1.从huggingface下载英文预训练权重(权重来源于MetaLLama2):
注:Llama 2的所有权重都需要向Meta提交申请,如有需要,请开发者自行申请。
下载完成后,运行如下转换脚本,将huggingface的权重转换为完整的ckpt权重。
python mindformers/models/llama/convert_weight.py \
--torch_ckpt_dir TORCH_CKPT_DIR \
--mindspore_ckpt_path {path}/MS_CKPT_NAME
# 参数说明
torch_ckpt_dir: huggingface权重保存目录路径
mindspore_ckpt_path: 权重保存文件名,可以指定自定义保存路径
- 获取MindFormers提供的已转换权重 可通过from_pretrained接口下载,也可直接从下面的链接获取
分布式训练/微调后所得到的权重文件为根据策略切分后的权重,需要手动将切分权重合一,以用于评估和推理。
涉及到ckpt的单卡,多卡转换,详细教程请参考特性文档模型[权重切分与合并](
- step 1. 获取模型切分策略文件:
在执行微调脚本时,模型完成编译后,将会在output/strategy
路径下生成各卡的切分策略文件,用于权重合并。
- step 2. 运行
mindformers/tools/transform_ckpt.py
脚本进行多卡权重合并:
python transform_ckpt.py \
--src_ckpt_strategy {path}/output/strategy/ \
--src_ckpt_dir {path}/output/checkpoint/ \
--dst_ckpt_dir {path}/target_checkpoint/ \
--prefix llama2_7b
# 参数说明
src_ckpt_strategy: 步骤1中的切分策略文件路径
src_ckpt_dir: 原切分权重文件夹
dst_ckpt_dir: 目标路径
prefix: ckpt文件前缀名
注:
transform_checkpoints
接口当前仅mindspore 2.0以上版本支持,如当前硬件环境只支持2.0以下版本,可以新建conda环境安装mindspore 2.0的cpu版本以执行该脚本
可以使用AutoClass接口,通过模型名称获取相应的model/preprocess/tokenizer等实例,并自动下载并加载权重
from_pretrained()
接口会自动从云上下载预训练的模型,存储路径:mindformers/checkpoint_download/llama2
import mindspore
from mindformers import AutoConfig, AutoModel, AutoTokenizer
# 指定图模式,指定使用训练卡id
mindspore.set_context(mode=0, device_id=0)

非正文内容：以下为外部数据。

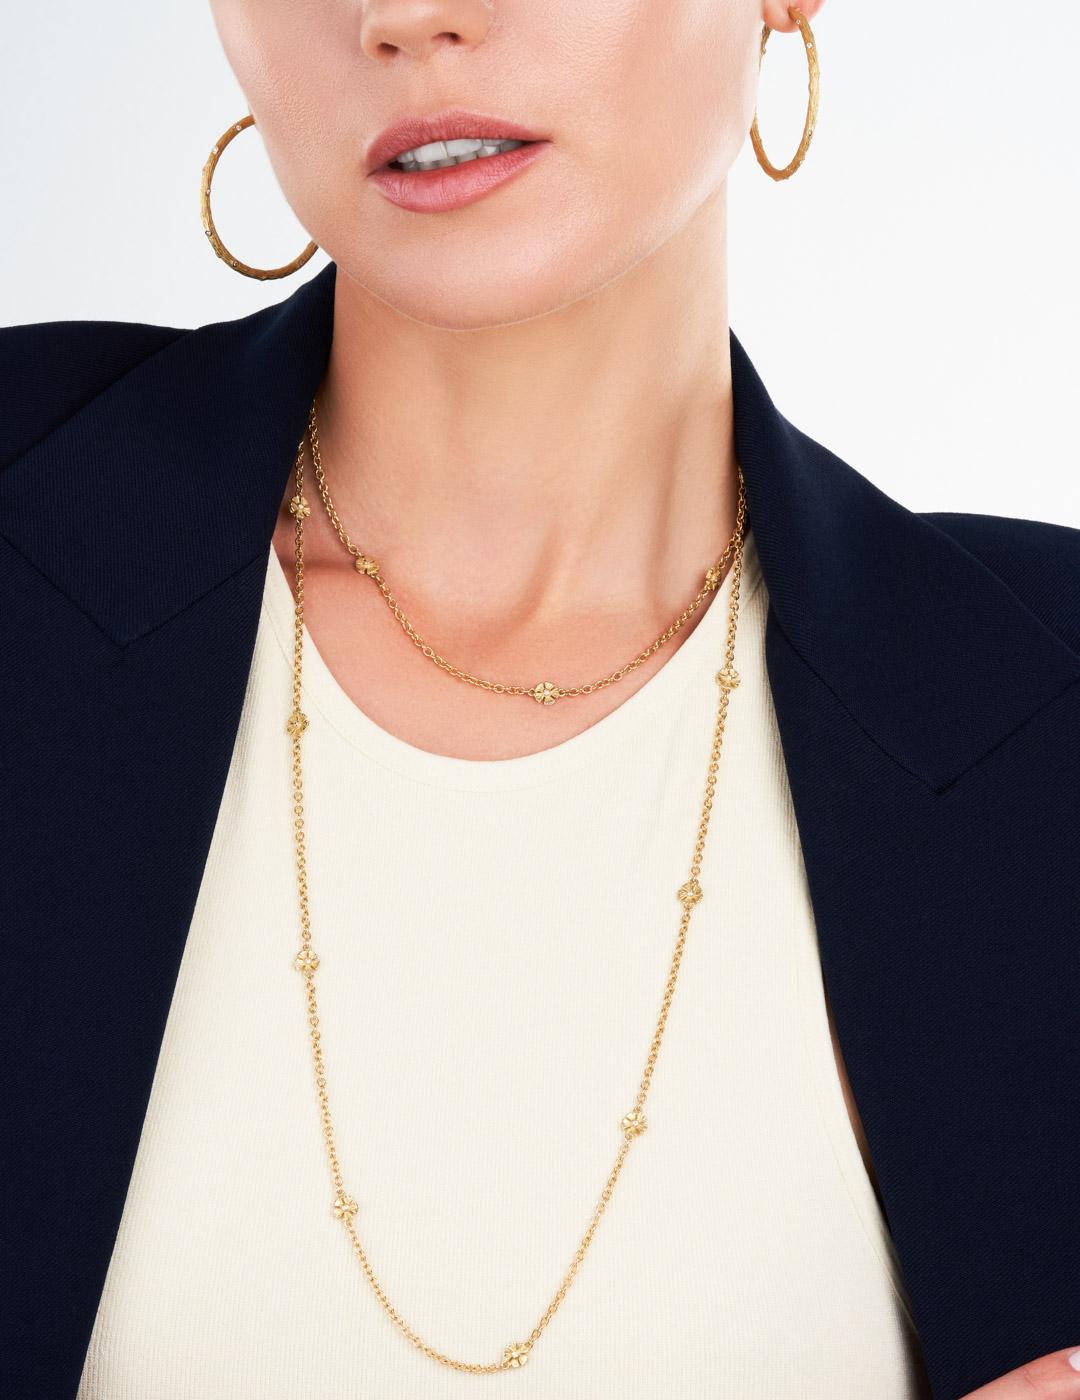 mish_products_earrings_Twig-XL Hoop YG-ER-4

tokenizer = AutoTokenizer.from_pretrained('llama2_7b')
# model的实例化有以下两种方式,选择其中一种进行实例化即可
# 1. 直接根据默认配置实例化
model = AutoModel.from_pretrained('llama2_7b')
# 2. 自定义修改配置后实例化
config = AutoConfig.from_pretrained('llama2_7b')
config.use_past = True # 此处修改默认配置,开启增量推理能够加速推理性能
# config.xxx = xxx # 根据需求自定义修改其余模型配置
model = AutoModel.from_config(config) # 从自定义配置项中实例化模型
inputs = tokenizer("I love Beijing, because")["input_ids"]
# 首次调用model.generate()进行推理将包含图编译时间,推理性能显示不准确,多次重复调用以获取准确的推理性能
outputs = model.generate(inputs, max_new_tokens=20, do_sample=True, top_k=3)
response = tokenizer.decode(outputs)
print(response)
# ['<s>I love Beijing, because it’s a city that has everything: the old and the new, the modern and the ancient']
注:下面仅显示接口使用方式,模型启动训练需求多卡分布式训练,训练脚本需配合分布式脚本启动
import mindspore
from mindformers.trainer import Trainer
# 指定图模式,指定使用训练卡id
mindspore.set_context(mode=0, device_id=0)
# 初始化预训练任务
trainer = Trainer(task='text_generation',
model='llama2_7b',
train_dataset='path/to/train_dataset',
eval_dataset='path/to/eval_dataset')
# 开启评测
trainer.evaluate()
# 开启推理
predict_result = trainer.predict(input_data="I love Beijing, because")
# [{'text_generation_text': ['<s>I love Beijing, because it’s a city that has everything: the old and the new, the modern and the ancient']}]
import mindspore
from mindformers.pipeline import pipeline
# 指定图模式,指定使用训练卡id
mindspore.set_context(mode=0, device_id=0)
pipeline_task = pipeline("text_generation", model='llama2_7b', max_length=20)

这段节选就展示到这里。